Page 49 of Collected Stories


  When she married him she had not expected him to enter the ministry. He was then a schoolteacher and doing well at that vocation. He was a natural teacher, and soon after their marriage he was made head of a private girls’ school in East Tennessee and my grandmother taught music there. At one time she had as many as fifty pupils in violin and piano. Their combined incomes made them quite well off for those days.

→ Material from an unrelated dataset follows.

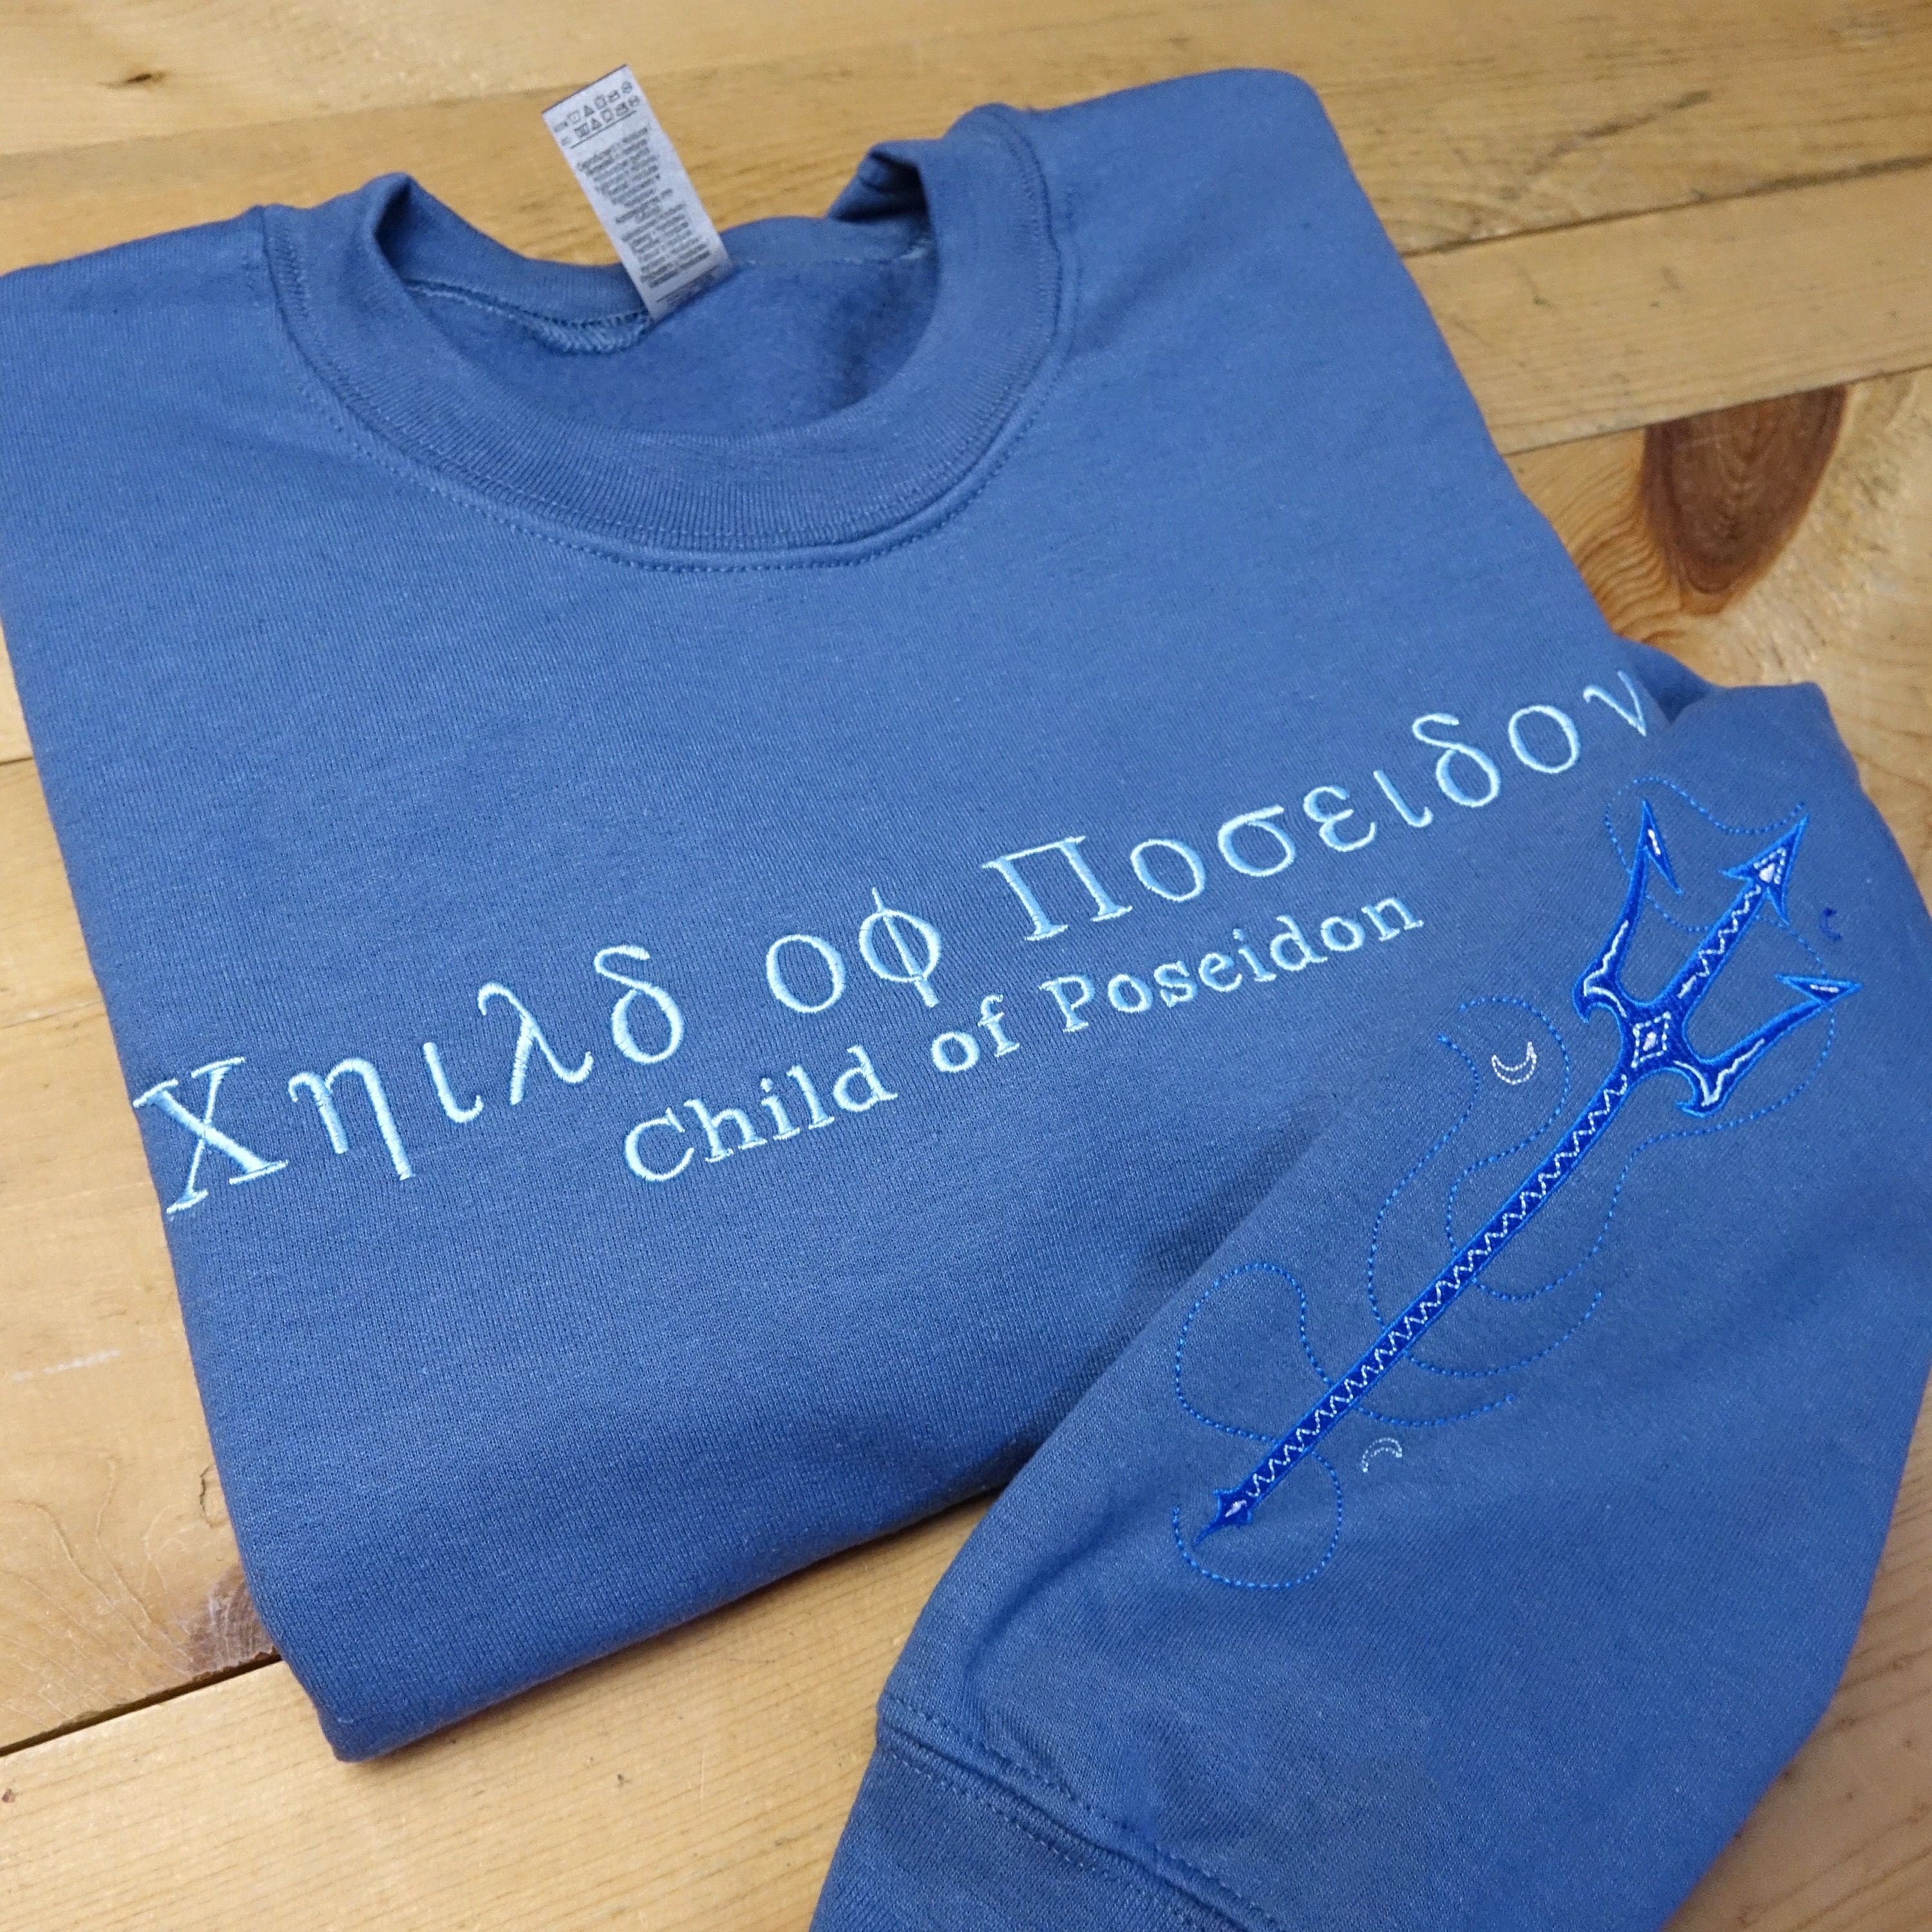  TOOLOUD Cabin 3 Poseidon Camp Half Blood Childrens T-Shirt -  Aquatic Blue - XS : Clothing, Shoes & Jewelry

  Then all at once he told her that he had made up his mind to enter the Church, and from that time till the end of her days my grandmother never again knew what it was to live without personal privation. During that interval the reverend and charmingly selfish gentleman would conduct parties of Episcopalian ladies through Europe, deck himself out in the finest clerical vestments from New York and London, go summers to Chautauqua and takes courses at Sewanee, while my grandmother would lose teeth to save dental expenses, choose her eyeglasses from a counter at Woolworth’s, wear at the age of sixty dresses which were made over from relics of her bridal trousseau, disguise illness to avoid the expense of doctors. She took eighteen-hour trips sitting up in a day coach whenever summertime or another crisis in her daughter’s household called her to St. Louis, did all her own housework and laundry, sometimes kept two or three roomers, taught violin, taught piano, made dresses for my mother when my mother was a young lady, and afterwards for my sister, took an active part in all the women’s guilds and auxiliaries, listened patiently and silently through fifty-five years of Southern Episcopalian ladies’ guff and gossip, smiled beautifully but not widely in order not to show missing teeth, spoke softly, sometimes laughed like a shy girl although my grandfather often said that she wouldn’t know a joke if she bumped into one in the middle of the road, skimped all year long—doing all these things without the aid of a servant, so that once a year, in the summer, she could take the long daycoach trip to St. Louis to visit her only child, my mother, and her three grandchildren which included myself and my sister and our little brother. She always came with a remarkable sum of money sewed up in her corset. I don’t know just how much, but probably several hundred dollars—in spite of the fact that my grandfather’s salary as a minister never exceeded a hundred and fifty dollars a month.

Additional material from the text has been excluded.